Le premier élément d'incertitude concerne la nature exacte du divorce avec l'État d'appartenance : si, comme en Écosse, il intervient à l'issue d'un référendum accepté dans son principe par l'État central et sur la base d'un compromis contractuel, il est possible que cet État central puisse se résoudre à reconnaître son nouveau voisin, puis à ne pas faire obstacle à sa volonté d'adhésion à l'UE. Dans le cas d'une indépendance conflictuelle sur la forme (principe du référendum) comme sur le fond, comme cela semble être le cas en Catalogne, la bienveillance de l'État membre s'estimant bafoué serait beaucoup plus hypothétique, même si la nécessité de trouver les voies d'une coexistence mutuellement bénéfique pourrait inciter au pragmatisme.

Le second élément d'incertitude porte sur l'attitude adoptée par les autres États membres à l'égard de « l'État indépendantiste ». Les 5 pays de l'UE n'ayant pas reconnu l'indépendance du Kosovo ont un point commun : celui de vouloir endiguer des séparatismes plus ou moins prononcés, puisqu'il s'agit de l'Espagne (Catalogne), de Chypre et de la Grèce (République turque de Chypre du Nord), mais aussi de la Roumanie et de la Slovaquie (qui comptent d'importantes minorités hongroises). Cette position de principe peut-elle préjuger de leur attitude à l'égard de la volonté d'indépendance de l'Écosse et de leur volonté de ne pas créer un précédent en acceptant son adhésion à l'UE ?

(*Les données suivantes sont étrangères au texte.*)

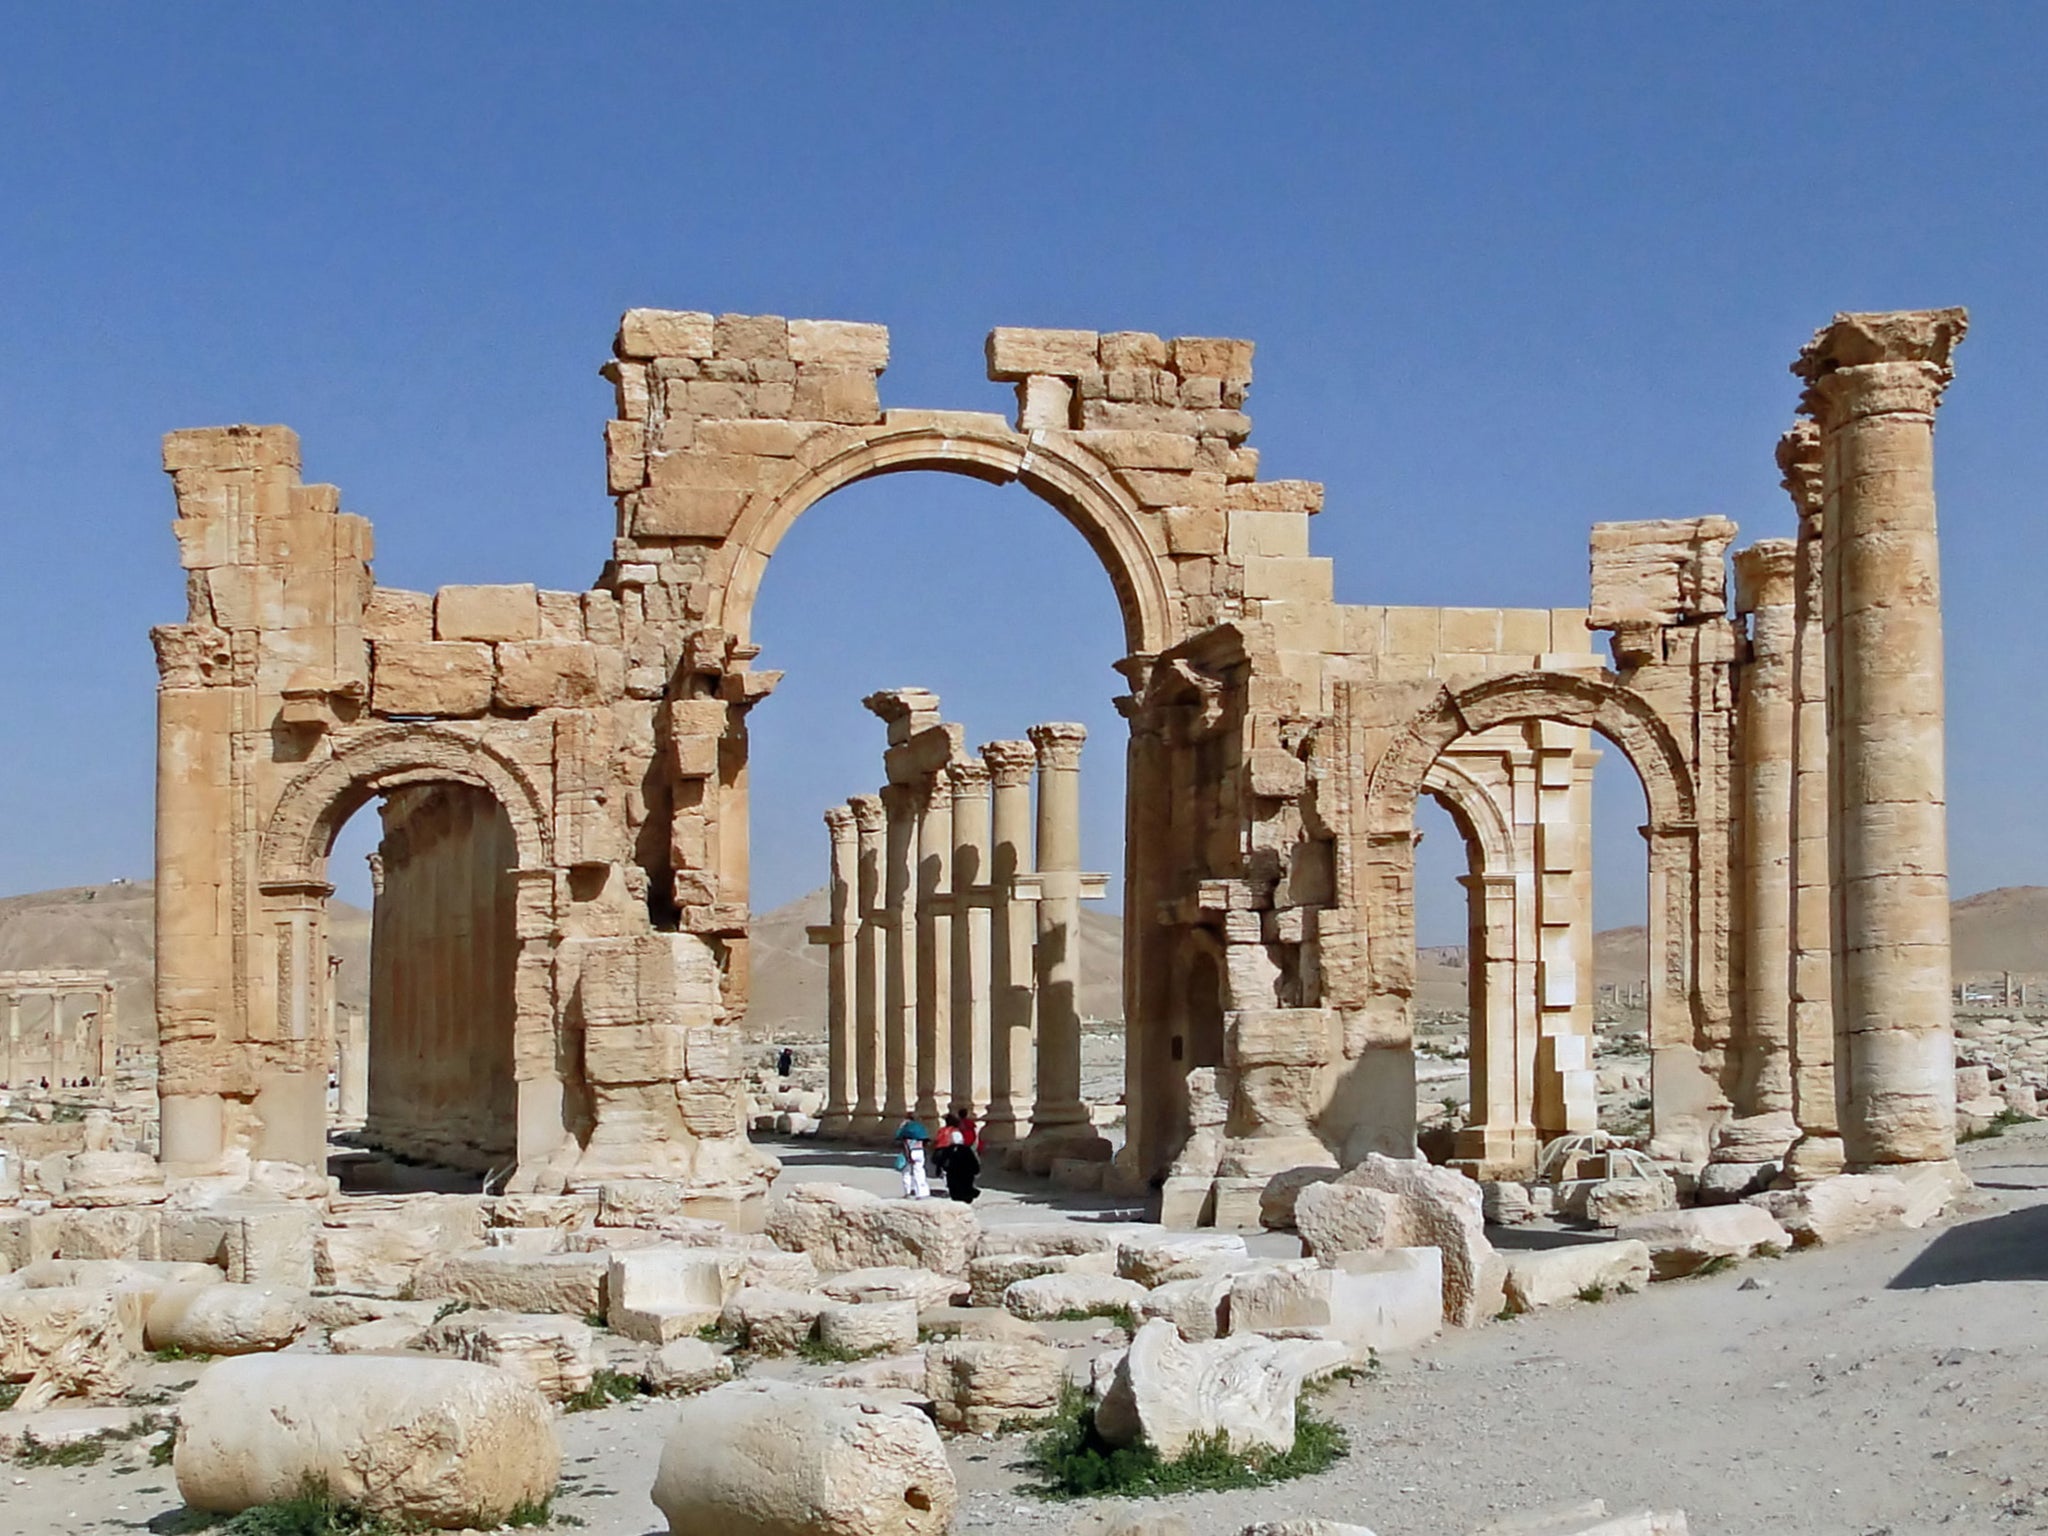 Palmyra's historic monumental arch.

Au total, la victoire du « oui » lors du référendum écossais conduirait l'UE soit à accepter un nouvel État membre, soit à négocier avec lui des « relations spéciales » du même type que celles établies avec les pays membres de l'espace économique européen ou la Suisse, soit à le classer dans la catégorie des pays bénéficiant de la « politique européenne de voisinage ». Cela ne constituerait donc pas un saut dans « l'inconnu » pour l'UE, même si l'engagerait dans des négociations qu'elle préférerait largement éviter compte tenu de l'ampleur des autres défis économiques, sociaux et géopolitiques qu'il lui faut relever au cours des prochains moins.